1/98
Vocabulary flashcards covering the major concepts, definitions, and tools introduced in the lecture notes on sampling distributions, hypothesis testing, and statistical learning.
Name | Mastery | Learn | Test | Matching | Spaced |
---|
No study sessions yet.
Sampling Distribution
The probability distribution of a sample statistic calculated from all possible samples of a fixed size drawn from a population.
Random Experiment
A process that generates one outcome from several possible outcomes, where the specific result cannot be known in advance.
Deterministic Component
Part of a phenomenon that yields the same outcome every time given the same conditions; no randomness involved.
Purely Random Component
Part of a phenomenon that can lead to different outcomes despite identical conditions, due to inherent randomness.
Random Variable
A function that assigns numerical values to the outcomes of a random experiment.
Statistical Inference
Using sample data to draw conclusions or make guesses about the underlying population or data‐generating process.
Simple Random Sampling
Selecting n observations from a population so that every possible sample of size n has an equal chance of being chosen.
Systematic Sampling
Selecting observations according to a fixed rule, e.g., every kth item after a random start.
Stratified Sampling
Randomly sampling within predefined subgroups (strata) in proportions that mirror their frequencies in the population.
Cluster Sampling
Randomly selecting entire groups (clusters) from the population and sampling all or some units within them.
Convenience Sampling
Non-random sampling that selects observations based on ease of access, risking bias.
Judgment Sampling
Non-random sampling where the researcher selects units deemed ‘representative’, introducing subjective bias.
Focus Group Sampling
Collecting data from a targeted discussion group, often recruited through non-random means like social media.
Sampling Bias
Systematic error that occurs when the sample does not accurately represent the intended population.

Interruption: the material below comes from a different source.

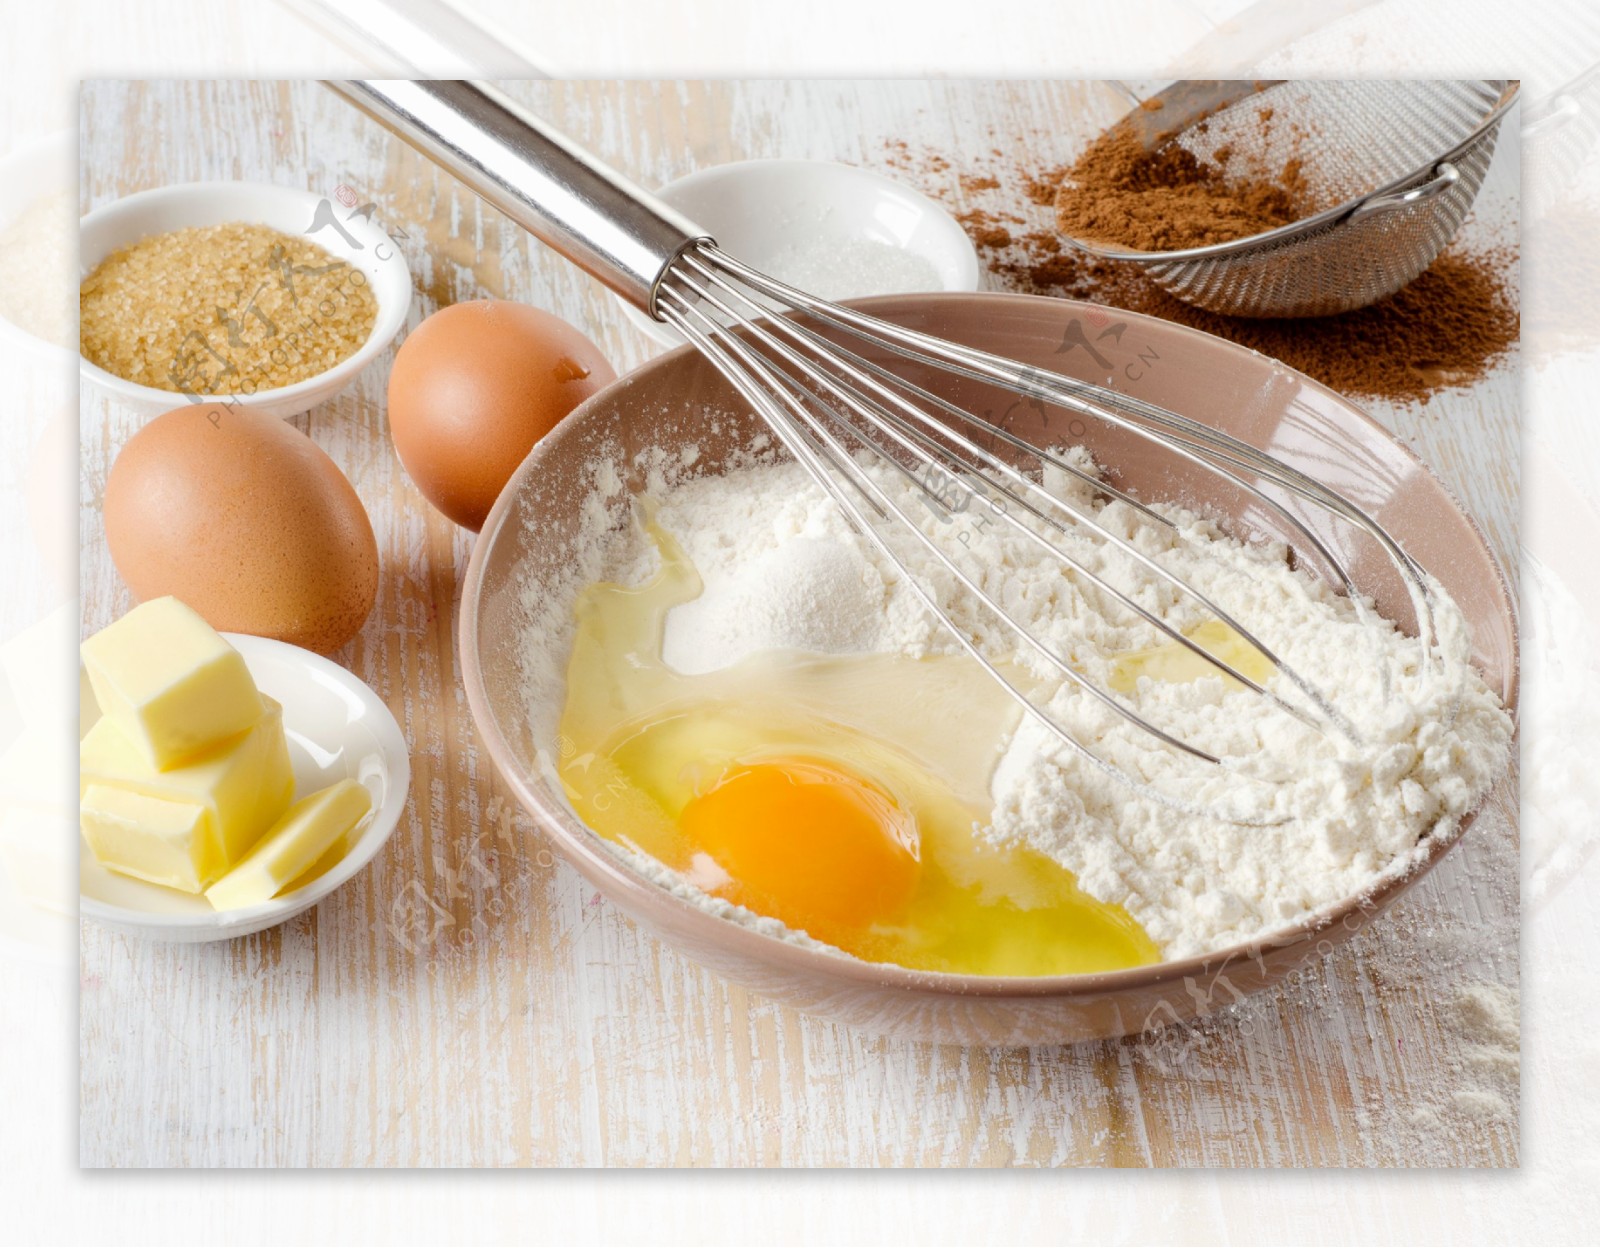 鸡蛋面粉和打蛋器高清摄影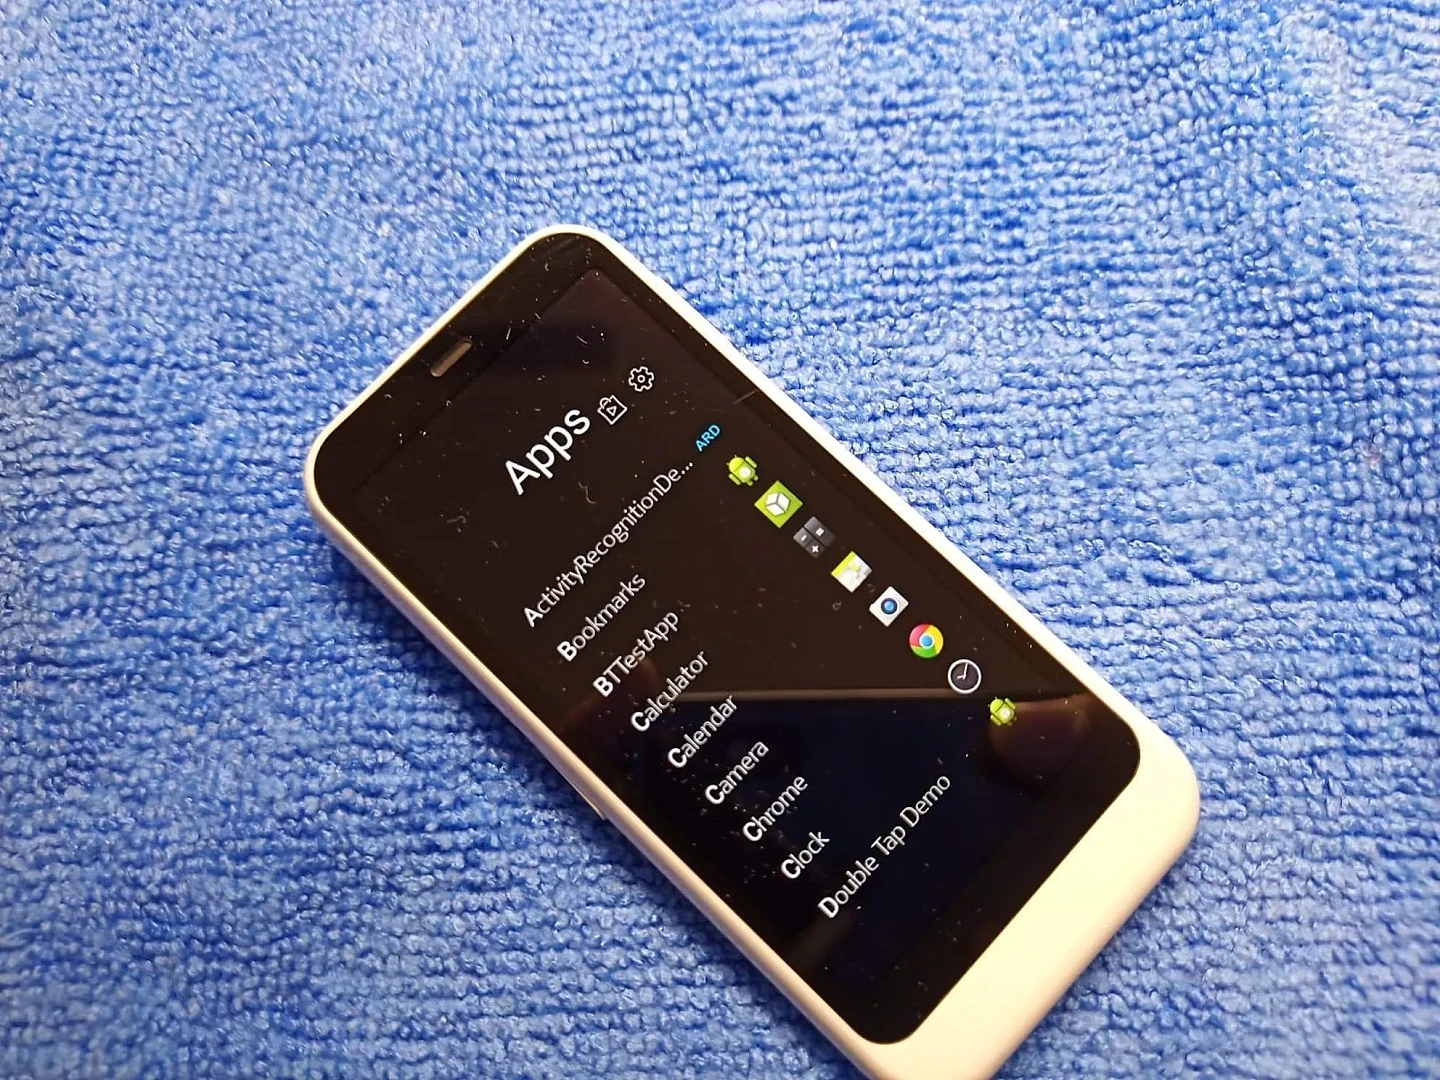 Nokia-RM-1028-UI-1.webp

Random Sample (Three Criteria)
A sample where (1) every population member has equal selection probability, (2) selections are independent, (3) all possible samples of the size are equally likely.
Parameter
A numerical descriptive measure of an entire population, typically unknown.
Sample Statistic
A numerical descriptive measure computed from a sample.
Sampling Error
The difference between a sample statistic and its population parameter that arises purely by chance.
Central Limit Theorem (CLT)
States that, for large n, the sampling distribution of the sample mean (or proportion) is approximately normal with mean µ and variance σ²/n, regardless of the population’s distribution.
Standard Error
The standard deviation of a sampling distribution, quantifying the typical distance between a sample statistic and the population parameter.
Sample Proportion (p-hat)
Number of ‘successes’ in a sample divided by the sample size; an estimator of the population proportion p.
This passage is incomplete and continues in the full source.